Let me give you an example. I was in Bangladesh maybe twenty years ago, and I saw this lady with a baby on her back and a hammer in her hand crunching bricks. So I asked this embassy official and a Bangladeshi officer I was escorting. I said, "Man, they have machines that could do that. Why do you have that lady crushing bricks with a hammer?" And the Bangladeshi officer turned to me and said, "Let me tell you something, Major" -- I was a stinkin' major at the time -- "Today that lady will earn enough money to feed herself and her baby. We could put a machine there, but then what will she do?" So that's where we need Main Street to create the jobs, to employ the people on Railroad Street. You understand what I'm saying?
GMJ: Maybe -- you're saying that social entrepreneurs can be the link between Main Street and Railroad Street, right? But how do you recommend that people become that link?
Gen. Honoré: We've got to encourage a sense of public service. As you go from being educated to becoming a contributor in the community, you need to understand your power to encourage social entrepreneurship.

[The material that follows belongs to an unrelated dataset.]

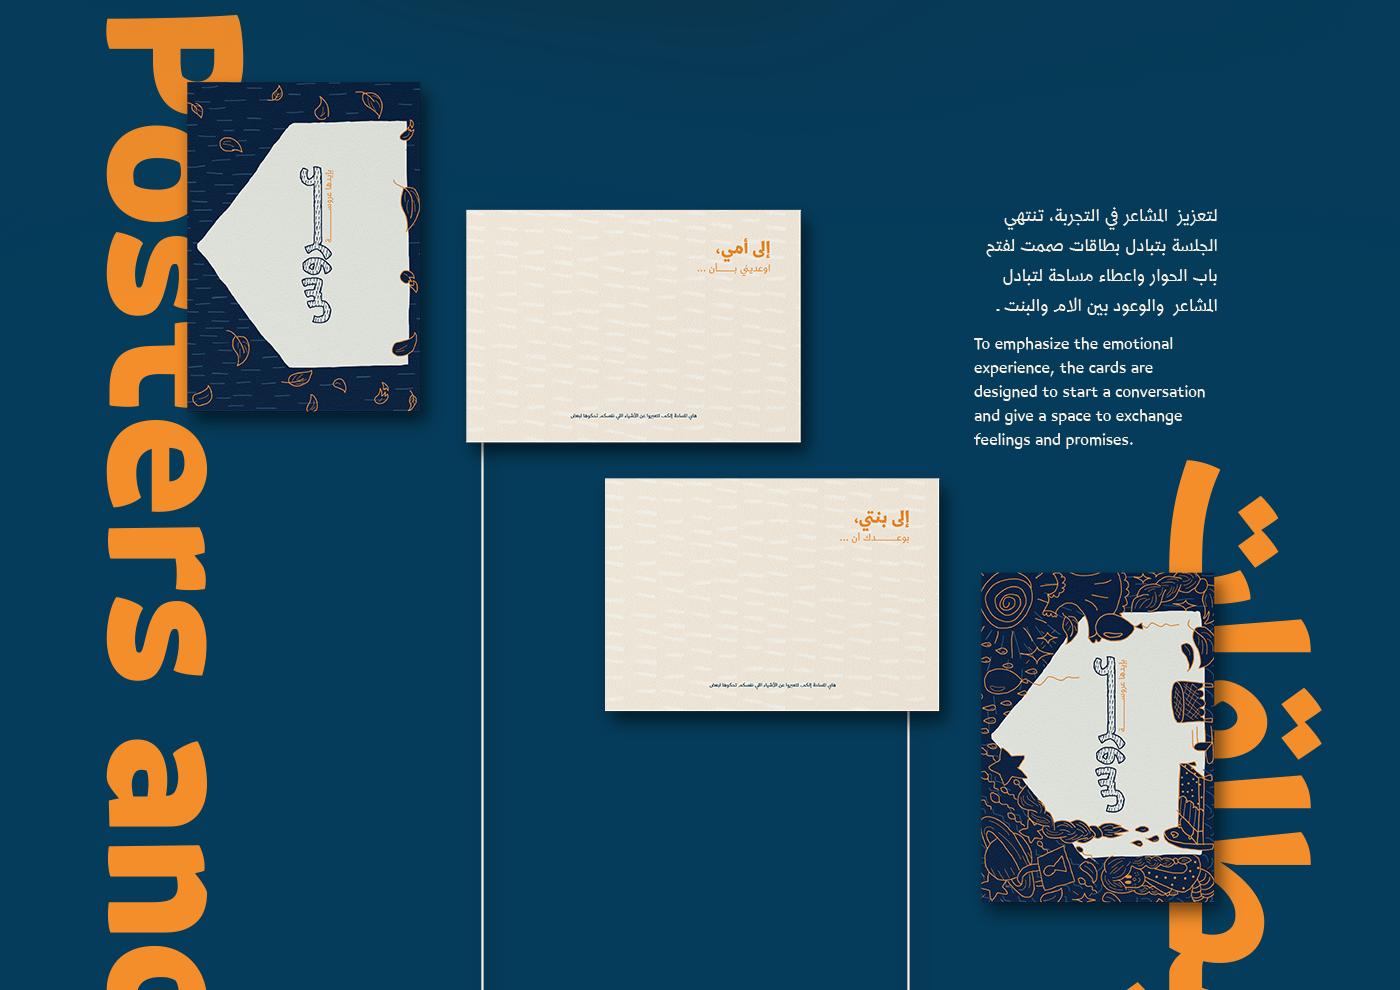 creative print book book design posters campaign ILLUSTRATION  psa Story telling design

That's important, because at some point, everyone who a social entrepreneur touches will want to -- for their own personal benefit -- move on to become a capitalist entrepreneur. People who get a start because of a social entrepreneur sustain themselves, and that's also what sustains and creates jobs and grows an economy.
But what becomes the link? A sense of public service cultivates social entrepreneurship, because if you come out of college and you go work in the community and you try to teach people how to fish, you create the conditions for individual capital attainment. And that's your way of giving service to your country. So you're not picking up arms and going to Iraq or Afghanistan, you're working in the community. There are programs that do that, but you don't hear much about them. When these programs become a part of our social awareness, then I think you'll start seeing more people willing to become social entrepreneurs, then become a part of the business community.
But you've got to have a cycle of people getting jobs. I tell you, people in democracy who don't have a job are not free. People thought when we changed the welfare system, then that would solve the nation's ills. It didn't solve the problem because it didn't create jobs. It's as if [people on welfare] have been locked out of a level of entrepreneurship, and it's social entrepreneurs who are finding the ways to let them back in. And that's to their benefit, to the economy's benefit, to the benefit of all of us.